# Winch line breakage



## skamaniac (Aug 24, 2009)

What is the leading cause of winch line breakage? Rope & wire. Is it that the hook gets run into the the fairlead and stressing it? I was wondering if that is the case, would it be better to use a rope that has some amount of stretch. A winch setup for just plows that has a clutch?


----------



## mcfly89 (Nov 2, 2005)

theres a rope specifically made for this purpose. warn makes some, i think moose does too. check out rocky mountain atv, i think they sell it. if not I can dig thru some of my literature and find it.


----------



## skamaniac (Aug 24, 2009)

I know about the synthetic line that is stronger than wire and has very little stretch. It seems to me this is good line for general winch use, but if it is breaking because of the hook being jammed into the fairlead constantly, i would think that a rope that has some stretch would be more of a benefit. It's not like your lifting a lot of weight. If any of you guys do much fishing/trolling, you know what i mean, you need a shock cord between your "no stretch" line and your lure. If you don't, the shock of the fish striking will break your line every time.


----------



## ALC-GregH (Nov 26, 2008)

One of the biggest causes of rope AND cable failure is the fair lead getting nicked up. The ever so smallest nick will eat up a rope in just a days use. It's best to use a open fair lead without rollers when using rope or at least replace the original fair lead with a new one.


----------



## skamaniac (Aug 24, 2009)

There is a company offering fairleads made of UHMW (Polyethylene) and also replacement rollers for your current fairlead. Combined with a Winch Saver puck, this would solve your problems of fraying worn rope/wire. I thought that there was more breakage at the eye although i could be wrong.

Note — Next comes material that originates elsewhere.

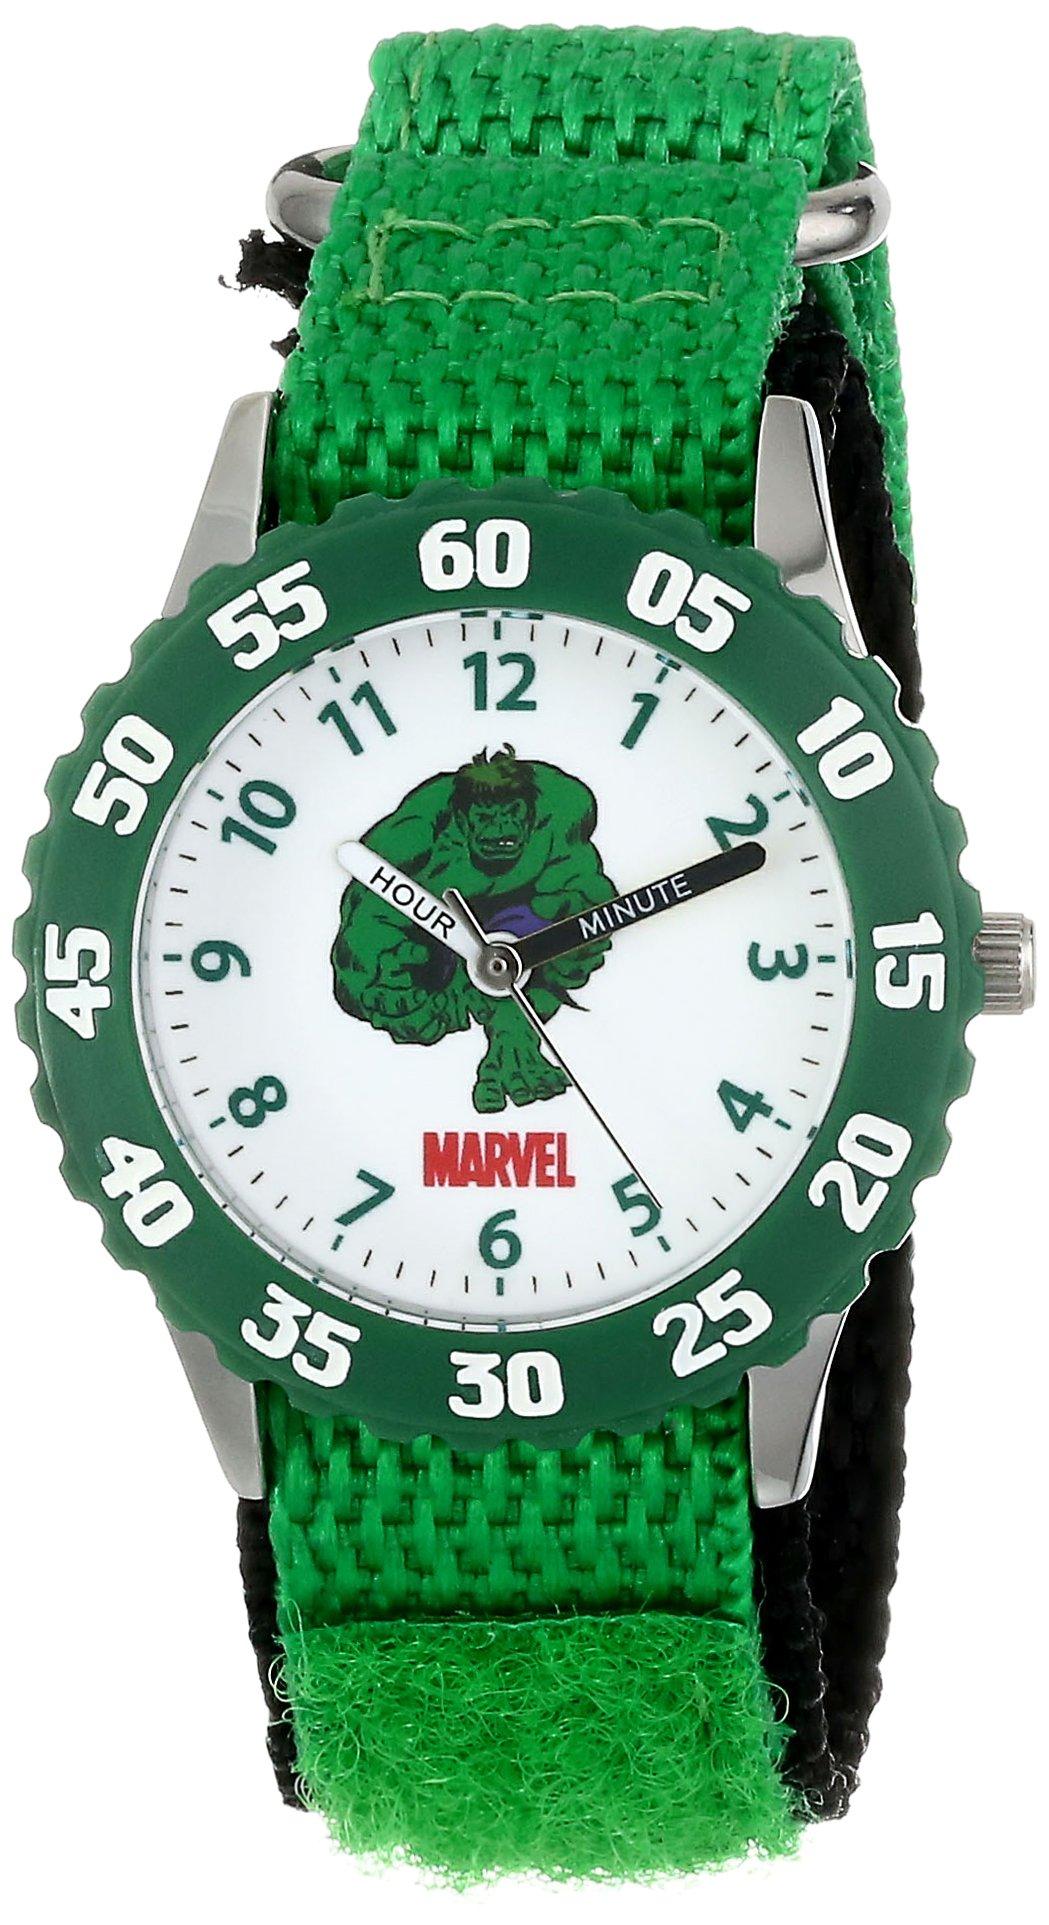 Marvel Kids' W001478 Hulk Stainless Steel with Green Bezel, Green Nylon Strap, Analog Display, Analog Quartz, Green Watch by Marvel

Moose Country is also offering a roller fairlead with a large roller on the bottom to help with the angle of the line.


----------



## Reb (Feb 8, 2008)

As was stated, nicks in fairlead rollers cause a lot of cable and rope failures. When ever I have replaced cable for rope I swap the top and bottom rollers.

One of the reasons cable fails when used to operate a snowplow is the tight radius going over the bottom roller. The bigger rollers help but don't completely solve the problem. Years ago I even built a pulley that would slip over the bottom roller to increase the radius. Again, it helped but didn't solve the problem.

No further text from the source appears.